I was actually really happy at Elephant and Castle because there was an excellent Japanese Film Festival on and I saw 4 films, then ate at a rather nice noodle bar across the road. You probably caught me being anxious because I couldn't find my friends, or perhaps at the moment when I couldn't find the way into the College of Communication...

But on the whole I have to say Elephant and Castle has improved vastly since the bad old days.

(no subject)

Date: 2005-06-23 08:33 am (UTC)
From: (Anonymous)
I know you were there for the Film Season - the film about shitting was the best.

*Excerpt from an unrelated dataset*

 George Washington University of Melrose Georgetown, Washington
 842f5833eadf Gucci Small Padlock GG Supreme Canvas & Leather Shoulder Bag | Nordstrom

The noodle place you speak of is OK - certainly it's cheap. Hope you enjoyed the noodles you took away.

(no subject)

Date: 2005-06-22 01:54 pm (UTC)
From: [identity profile] lites.livejournal.com
1940s semis with coloured glass fanlights form much of london's suburbs? i'm finding it hard to visualise these. 1930s, certainly.

(no subject)

Date: 2005-06-22 03:37 pm (UTC)
From: [identity profile] lord-whimsy.livejournal.com
Last one to photoshop a pair of union jack boxer shorts onto a shot of Nick is a rotten egg!

(no subject)

Date: 2005-06-22 04:16 pm (UTC)
From: [identity profile] mylifeismundane.livejournal.com
it's funny, because as an american that tends to be the way i feel about new york (although i actually find new york's filth appealing, maybe because i don't live in it), whereas coming to london feels incredibly liberating...i guess it's just difference of perspective, because you seem decidedly expat and london is definitely a manifestation of uk culture, society and politics. whereas i'm about to become expat (hopefully) and so for me that's a good thing because the uk compared to the states right now seems fantastic...
From: [identity profile] meganfinley.livejournal.com
I step off the plan with toddler daughter to get my tourist visa renewed (like someone in Holland is really going to notice, right?) and there welcoming me straight out of the tunnel from the plane is a big poster of a little girl holding a kitten- but it is tinted jaundice yellow, every bit of it, with the tag line "Hepatitis Kills Everyone!". That poster, the fact that you must take a car everywhere, lots of mud that sticks to your shoes unlike any mud in the known universe, and signs on everything telling you how much you will be fined and sentenced to jail for disturbing anything whatsoever. Besides reading Winnie the Pooh in a fake British accent to my daughter on a bus to Cambridge to annoy other passengers and have fun; I found everything extremely high priced, furnishings cold and formal, and stayed very drunk on soda and Remy cognaq most of the time I could manage it. Gee, maybe I should do a collage or a poem sometime on this come to think of it. Oh you're in New York now- MDF is called pressboard in the US. MDF sounds fancy and high falootin'. I do like BBC America though- but their European stuff has too many reruns.

(no subject)

Date: 2005-06-24 08:28 am (UTC)
From: [identity profile] rwillmsen.livejournal.com
"Lydon's evil cackle at the beginning of 'Holidays In The Sun' reveals him as an innocent who has decided to incarnate a malevolent view of human nature in the classic manner of the Dickensian pantomime villain. In The Sex Pistols, Lydon incarnates the British contempt for human nature. He becomes a parody of the malady, and is an immediate success in Britain. "

This is such a great insight, well worth repeating, especially for those of us who missed it the first time round. John Lydon and the British tabloids is indeed a marraige made in hell!